As the clock struck midnight Saturday night, the summer of 2013 faded into autumn, and so did the almost 100-year annual tradition of our BYU-Utah football rivalry.
But I, like so many, will drift to sleep with unsettling after-game thoughts like:
Kyle Van Noy postponed the NFL draft for this?
Die-hard lovers of the red and blue rivalry cried a tear over a two-year hiatus for this?
We stayed up past our bedtime for this?
And finally, how do we put an end to the fashion atrocities on the field?
I know, I know. Cue the eye rolling by all those who have endured the inane comments from superficial spectators who squeak at the most inopportune times, “I don’t like their outfits.”
The truth is, Ute and Cougar football was as disjointed as the spectrum of accessorized uniforms on the field.
We’ll start with the Cougar facemasks: iridescent blue? The same color as my 6-year-old daughter’s sparkling headbands? Flashy, yet distracting and so elementary.
And I don’t understand the new mini-shoulder pads that resemble a Mormon girl’s cap sleeves on her prom dress. How can they protect when they barely cover bulging biceps. (Was I complaining or admiring? I forget).
Anyway, the cap-sleeve uniforms barely covering tiny shoulder pads only aid in introducing myriad undershirt options for the guys on the gridiron: black or white undershirts; one long sleeve; two long sleeves; one or two arm pads; one or 20 arm bands; gray tape wrapped high and low from wrist to elbow as well as gloves of many colors. The variations are as numerous as the players on the team rosters.

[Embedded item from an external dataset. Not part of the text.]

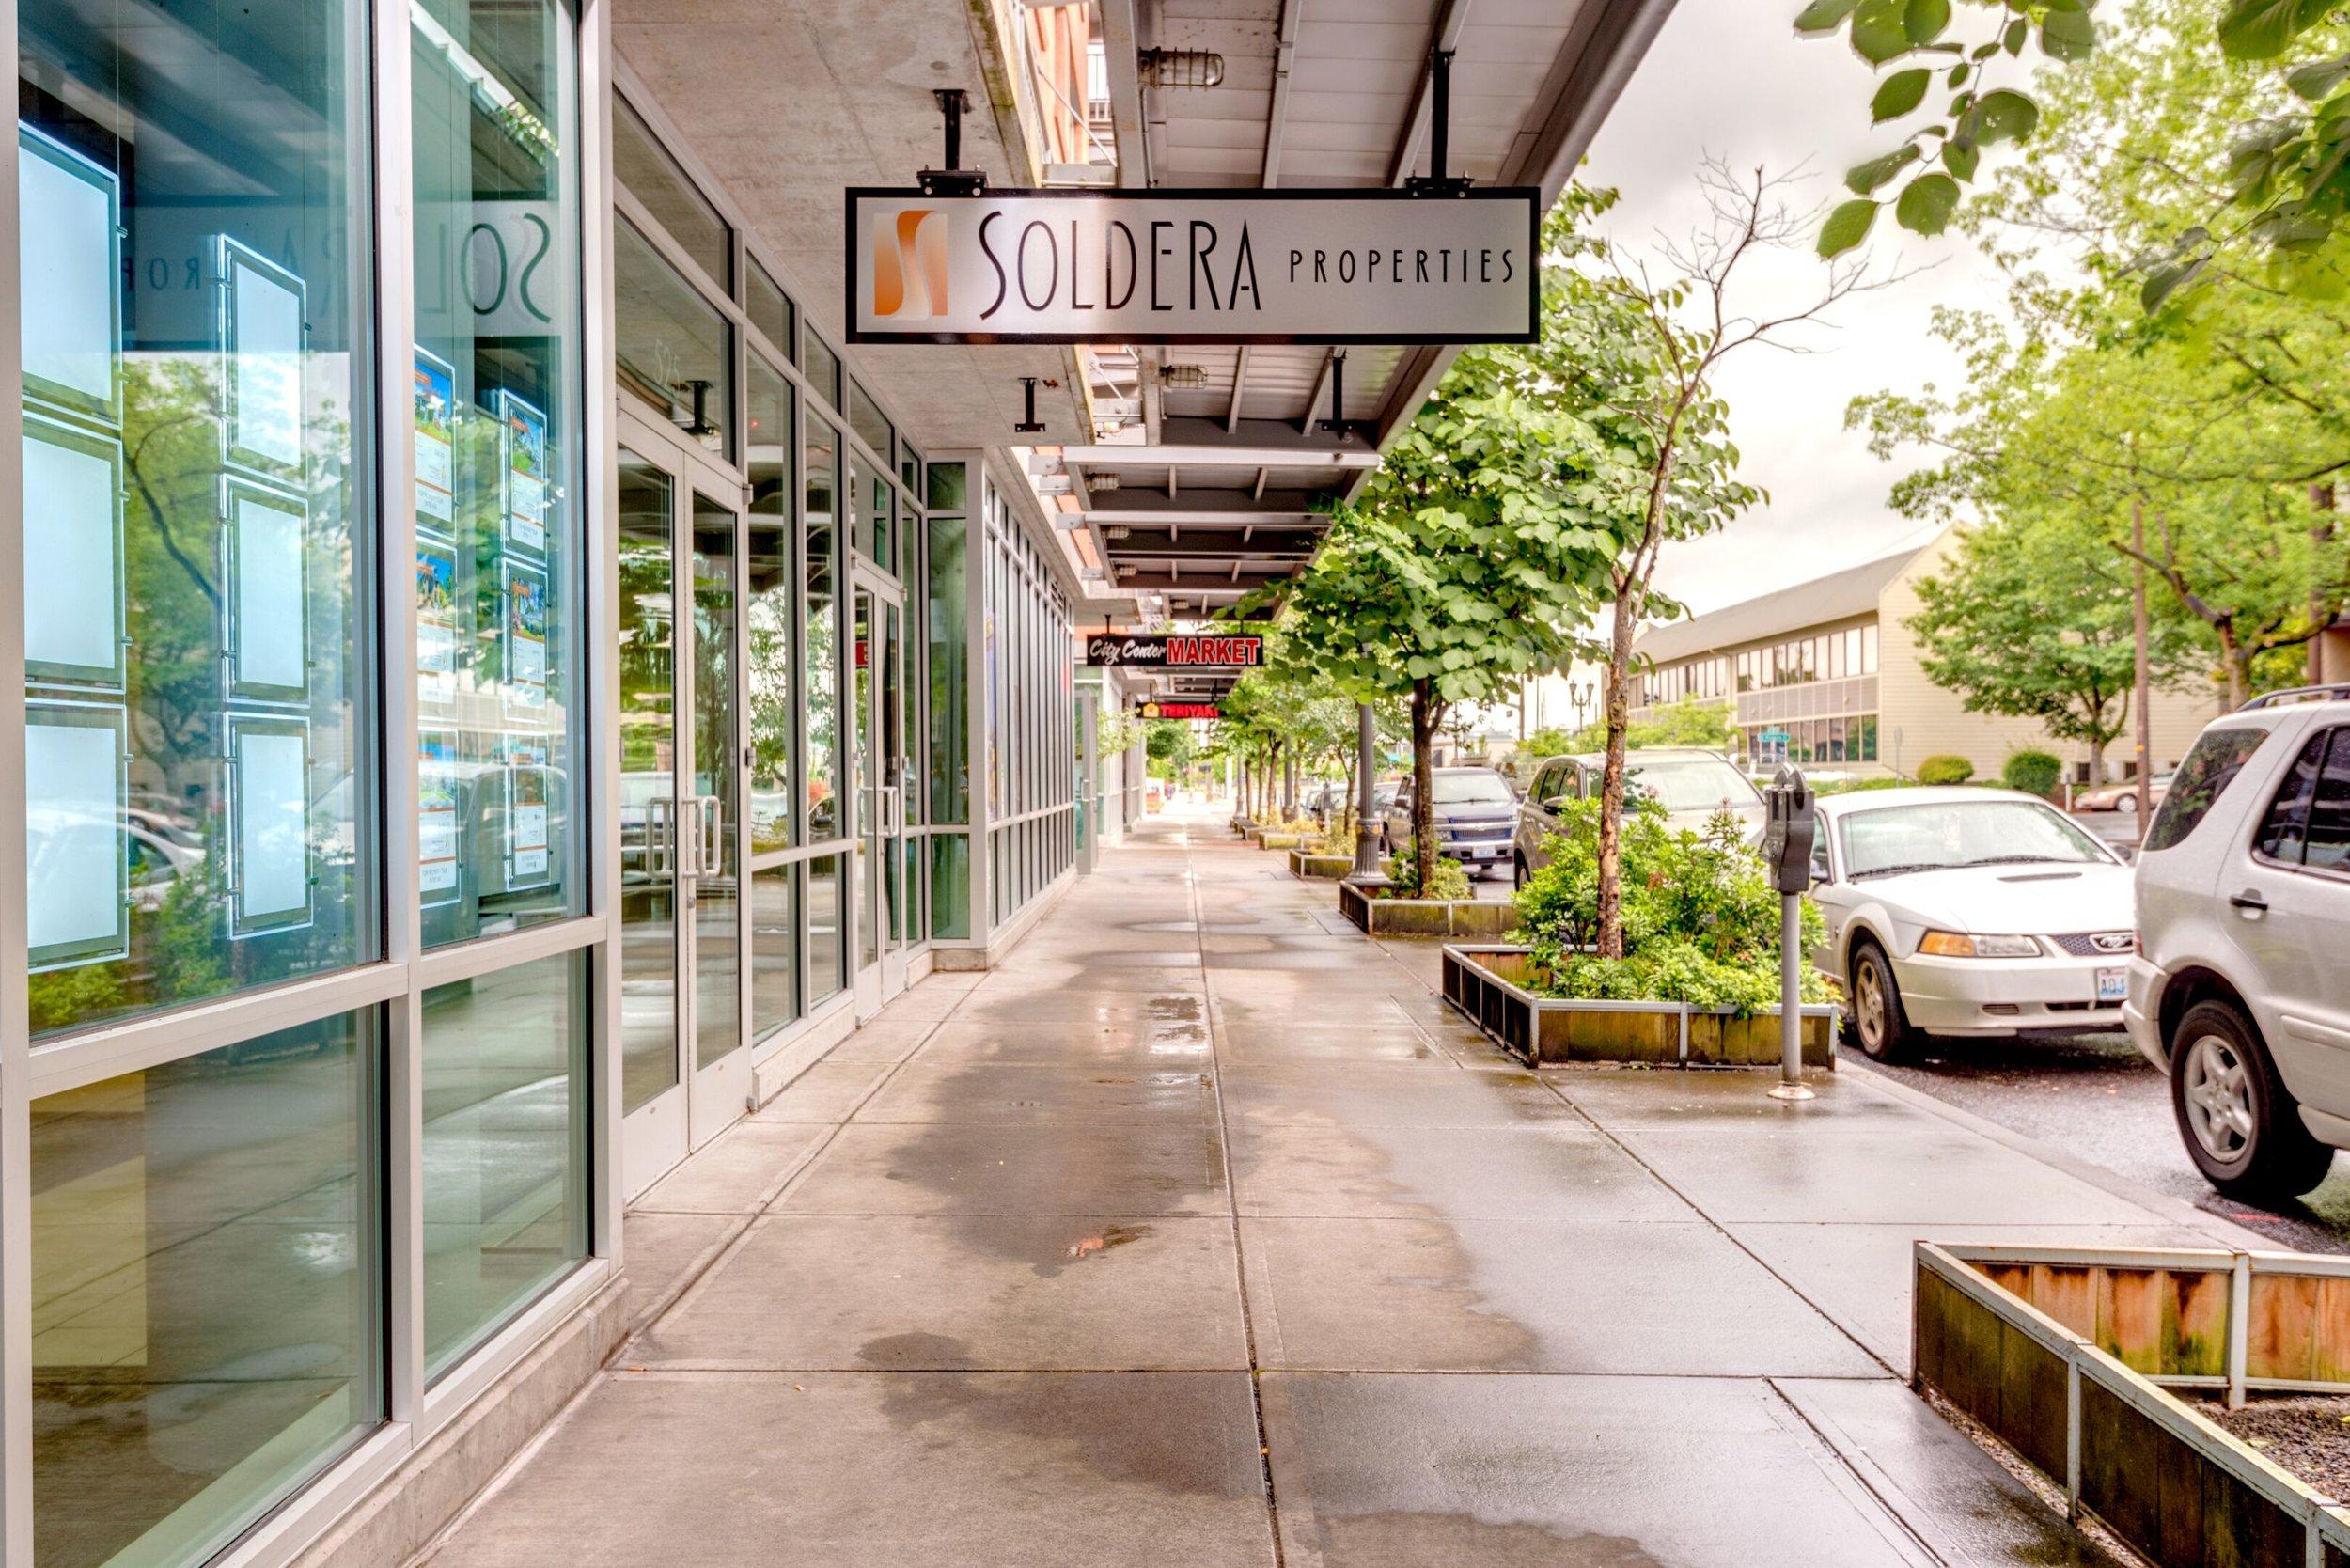 Soldera Properties Promo-15.JPG

And don’t get me started on the shorter football pants. Not only do they now show knees, they also show the make and model of every knee brace ever created. The shorter length also attracts attention to every player’s individual sock assembly: short socks; long socks; black and white socks; socks that show no skin at all; mismatched socks, and new to me, grey socklets that cover the outside of the cleats on one shoe or both.
Under the helmet: hair hangs out to varying degrees on many; the face paint drips in designs to intimidate opponents but unfortunately also scare the children; and the variation in facemask and shield designs is a feat of engineering.
Of all the things that need to be abolished before these teams set foot on the field again is the two-toned fabric on the pants and shirts of both uniforms. For several quarters, I couldn’t tell if those sections of fabric were sweat patterns or sheer nuisances, but it was irritating and unflattering.
If the rivalry game had been more exciting, I might not have been so cognizant of the visual overload, but it was crazy distracting.
Granted, I am no fashion expert and have often rolled my eyes at the simple-minded fans who notice uniforms more than athletic form or focus on color combinations more than the color commentary.
But I, bolstered by the consensus of opinions in the family room full of teens with whom I witnessed the pitiful game, plead with our players to unify in purpose and appearance. Renewed uniform solidarity might make for exciting football where it matters — in playing the game, not dressing up for it.
Sure, I saw the seedlings of all this football individuality earlier in the morning while watching my boy play a Little League game. One mom laced hot pink shoelaces in her son’s cleats to more easily keep track of him on the field. Another boy wore neon orange socks that have nothing to do with team colors as a way to stand out when he flies by opponents.
But I submit, on the well-manicured turfs of college stadiums, it’s time to set aside individualized outerwear and play like a team, work like a team and look like a team.
Save the fashion shenanigans for those who get paid to play where ego seems to be as important as skill in staying in the game another season.